History June 16, 2022 at 05:00 pm

After 91 years, youngest person executed in Pennsylvania has murder conviction dismissed. This is his story

Mildred Europa Taylor | Head of Content

Mildred Europa Taylor June 16, 2022 at 05:00 pm

June 16, 2022 at 05:00 pm | History

Photo of Alexander McClay Williams from a 1930 edition of New York Daily News. Image source: Twitter

It took an all-white jury just four hours in 1931 to convict Black teen Alexander McClay Williams in the stabbing death of a white house matron at the Glen Mills School for Boys in Delaware County. 16-year-old Williams was executed five months later, becoming the youngest person in Pennsylvania history to be executed.

For decades, his family has been trying to prove that he was wrongly convicted. On Monday, June 13, 2022, Williams was posthumously vindicated. A Delaware County judge dismissed his murder conviction. District Attorney Jack Stollsteimer disclosed that the case against Williams has been nol prossed after a successful joint motion. 

“By acting to nol pros the case against Williams, today’s decision is an acknowledgement that the charges against him should never have been brought,” a spokesperson for the Delaware County District Attorney’s Office wrote. 

“Sadly, we cannot undo the past. We cannot rewrite history to erase the egregious wrongs of our forebearers,” Stollsteimer said. “However, when, as here, justice can be served by publicly acknowledging such a wrong, we must seize that opportunity.”

The murder conviction was overturned in the same courtroom where Williams had been convicted 91 years ago. Monday’s ruling was through the help of the great-grandson of the lawyer who represented Williams at trial. Sam Lemon’s great-grandfather, William Ridley, who was the county’s first Black attorney, was given just $10 and 74 days to make a case that Williams did not kill the white matron, Vida Robare.

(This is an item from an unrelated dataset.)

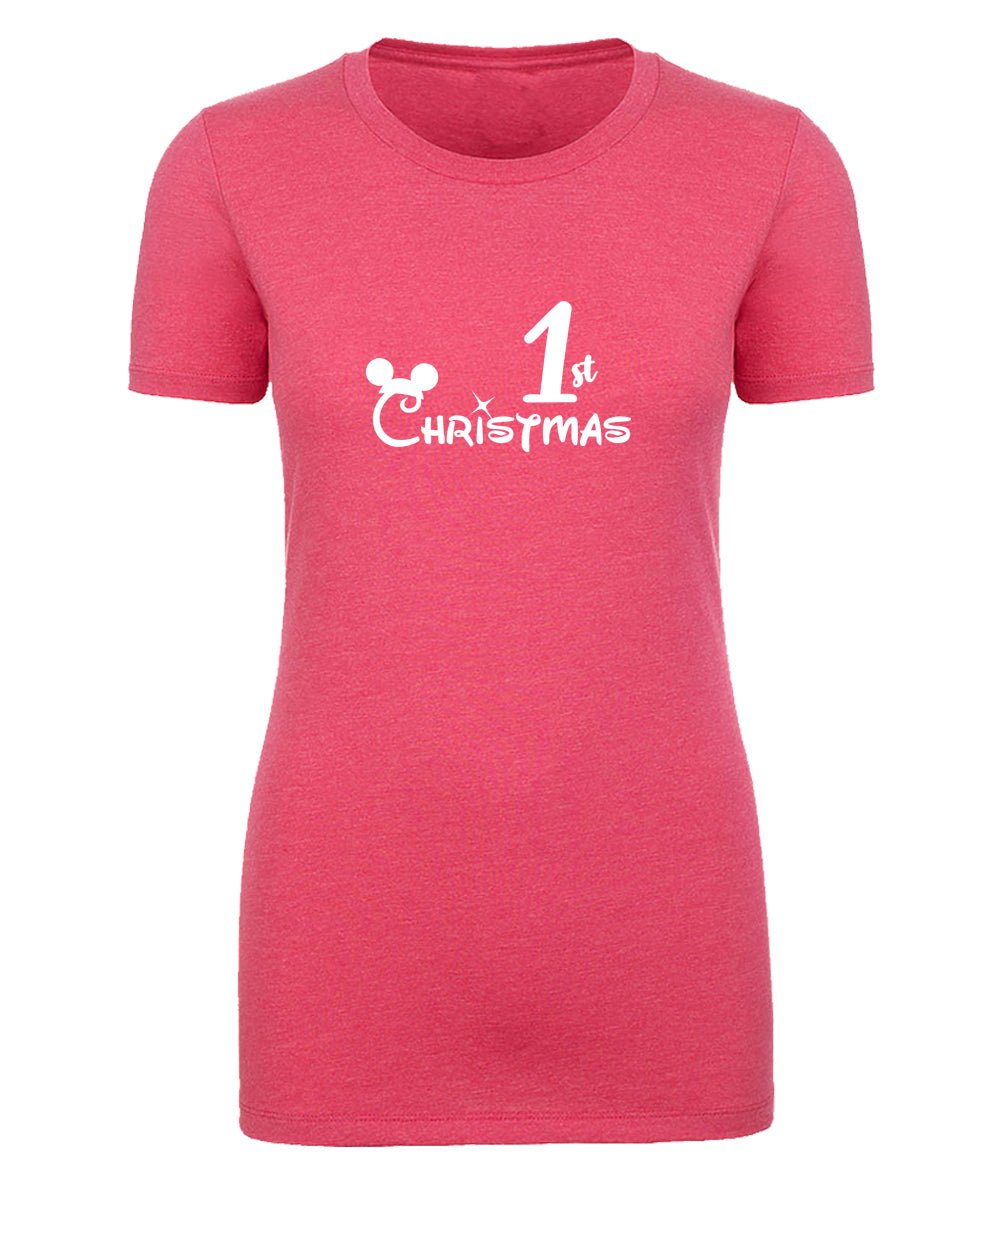 1st Christmas Womens T Shirts

On October 3, 1930, 34-year-old Robare was found dead inside a cabin at the Glen Mills School for Boys. She had been stabbed 47 times with an icepick and also suffered broken ribs and a fractured skull. Her body was discovered by her ex-husband Fred Robare, who was also an employee at the school. He was said to have had a history of domestic violence against her and was the last person seen with her, yet no one considered him a suspect in her murder.

Instead, Williams was seen as the killer. The young boy had been sent to Glen Mills (which operated like a jail for children) after setting a fire that destroyed a barn and burglarizing a post office when he was 12.

Williams was arrested and charged with Robare’s murder. Ridley was appointed to represent Williams on October 24, 1930. NBC Philadephia reported that during the 17 days between Williams’ arrest and Ridley’s appointment, the teen “signed three separate murder confessions and had been interrogated five times without an attorney or parent present.”

A Delaware County District Attorney’s Office spokesperson wrote that “Williams ‘confessed’ to the crime, despite the lack of eyewitnesses or direct evidence implicating him.”

No appeal was ever filed after the trial that lasted less than two days. Lemon also discovered some 30 years ago that evidence that could have worked in Williams’ favor was also ignored. A man’s bloody handprint was found at the scene but prosecutors did not introduce it at trial, he said. Lemon also said Williams was nowhere near the scene of the crime and could not have killed the matron during the 20-minute period officials had given.

“Williams was supposed to have taken about 15 actions, including going to and from the crime scene; attempting to break into a storage locker; going into Robare’s room and attacking her; dropping his hat in a massive pool of blood; taking her keys and throwing them in a pond; hiding the icepick in a hole in the wall; washing the blood from his hands and hat; and then returning to the area of the school where he was working without a drop of blood on him,” Lemon said, according to Daily Times.

“The only way he could have done this crime is if he could stop time,” Lemon told the outlet.

About seven years ago, Lemon contacted attorney Robert Keller, who worked pro bono to help him get the case overturned. Lemon also worked with Williams’ sole surviving sister, 92-year-old Susie Carter, to show that there was a miscarriage of justice. Ultimately, in 2017, Williams’ record was expunged. 

And now, following Monday’s ruling, Lemon said it feels like a great weight has been lifted off his shoulders. 

“We just wanted it overturned, because we knew he was innocent, and now we want everyone else to know it, too,” Williams’ sister Susie Carter also told The Inquirer.